* What the exercise asks
Reproduce the data below exactly. Skip the pictures.

* Input data

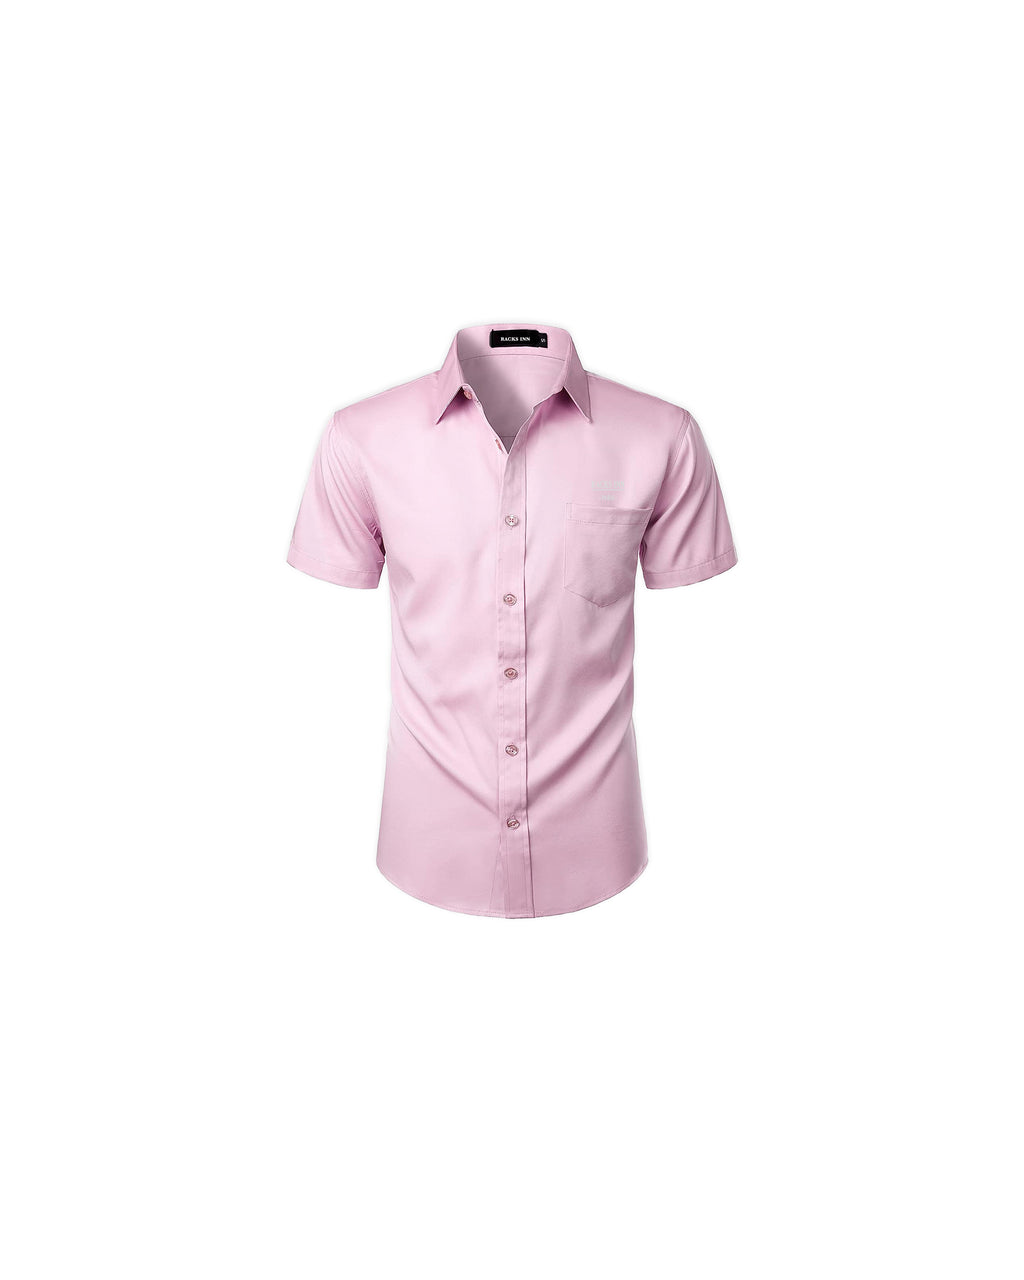 Paris Casual Shirt - Pink
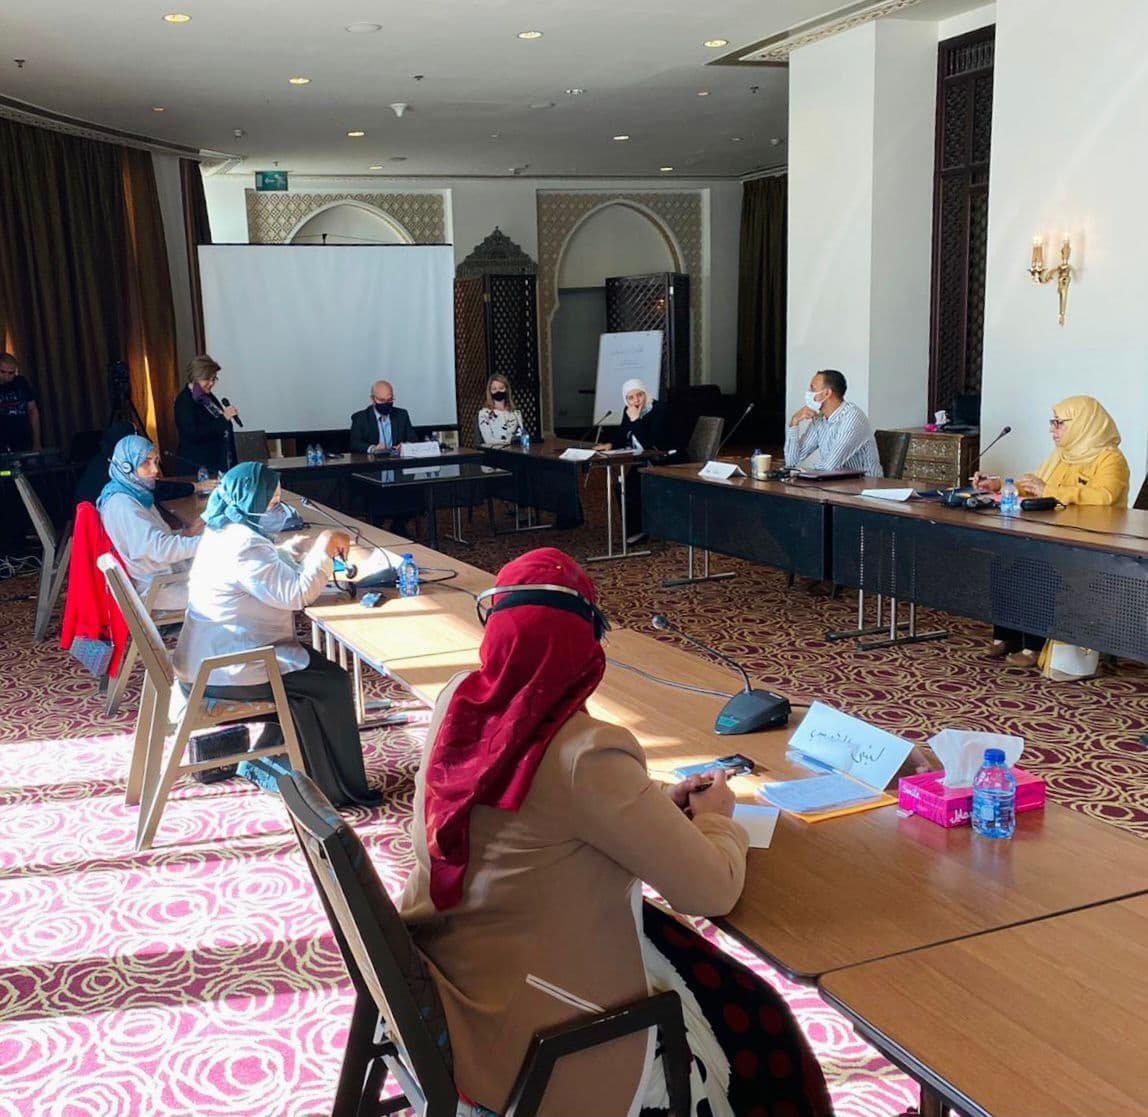 مكتب المبعوث الاممي يلتقي حزبيات يمنيات في عمان من اجل ايجاد آليات تعزز من مشاركة المرأة في العملية التفاوضية وبناء السلام
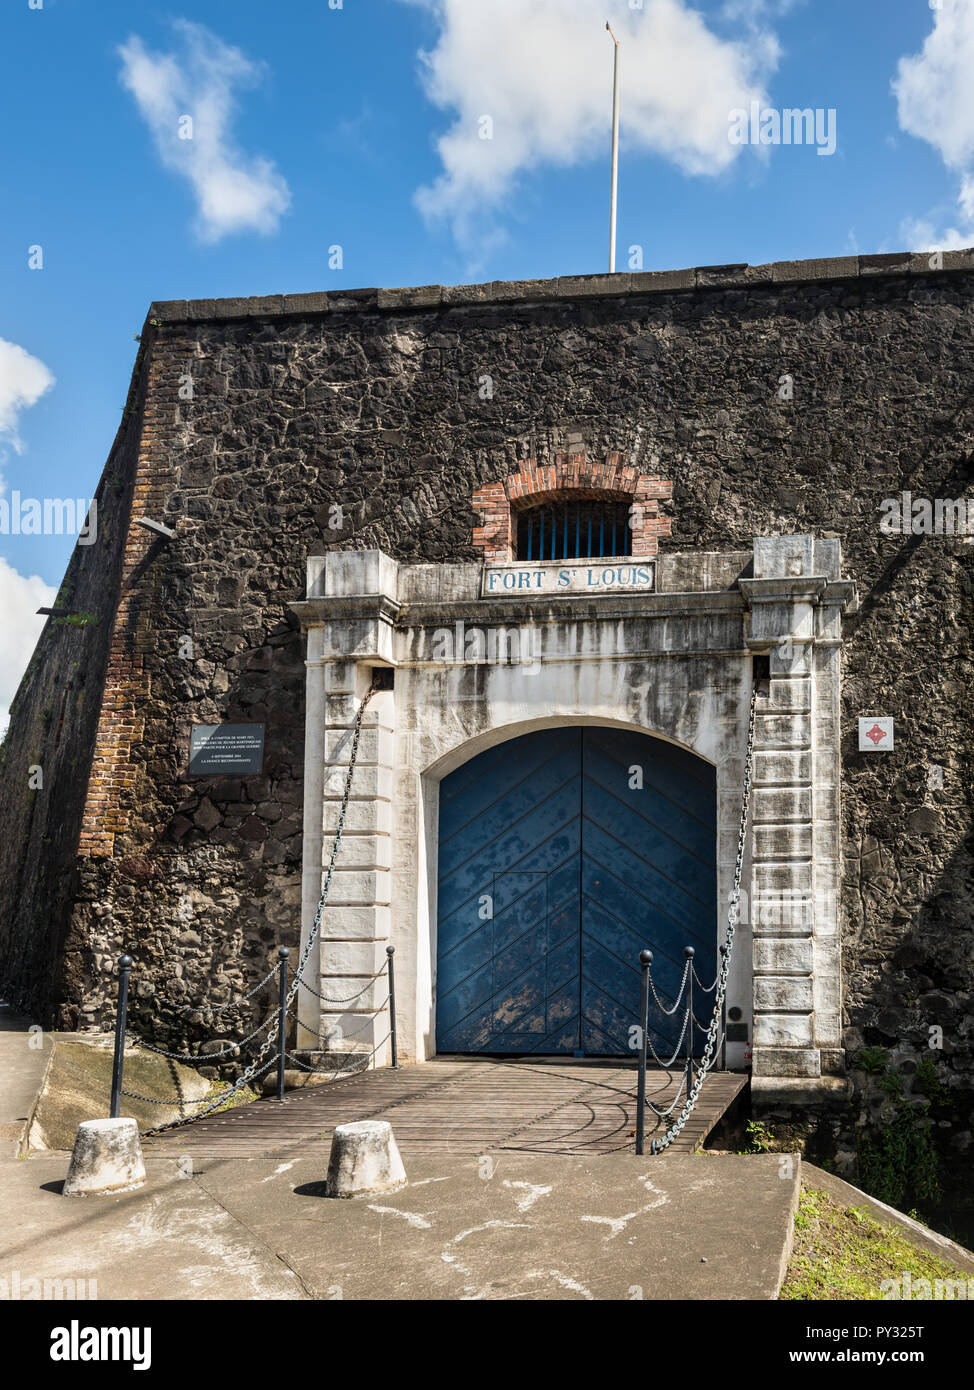 Fort-de-France, Martinique - 19 décembre 2016 : Porte de la Fort Saint Louis de Fort-de-France, France, ministère de l'outre-mer des Caraïbes Martinique, Banque D'Images

* Response
 Paris Casual Shirt - Pink
 مكتب المبعوث الاممي يلتقي حزبيات يمنيات في عمان من اجل ايجاد آليات تعزز من مشاركة المرأة في العملية التفاوضية وبناء السلام
 Fort-de-France, Martinique - 19 décembre 2016 : Porte de la Fort Saint Louis de Fort-de-France, France, ministère de l'outre-mer des Caraïbes Martinique, Banque D'Images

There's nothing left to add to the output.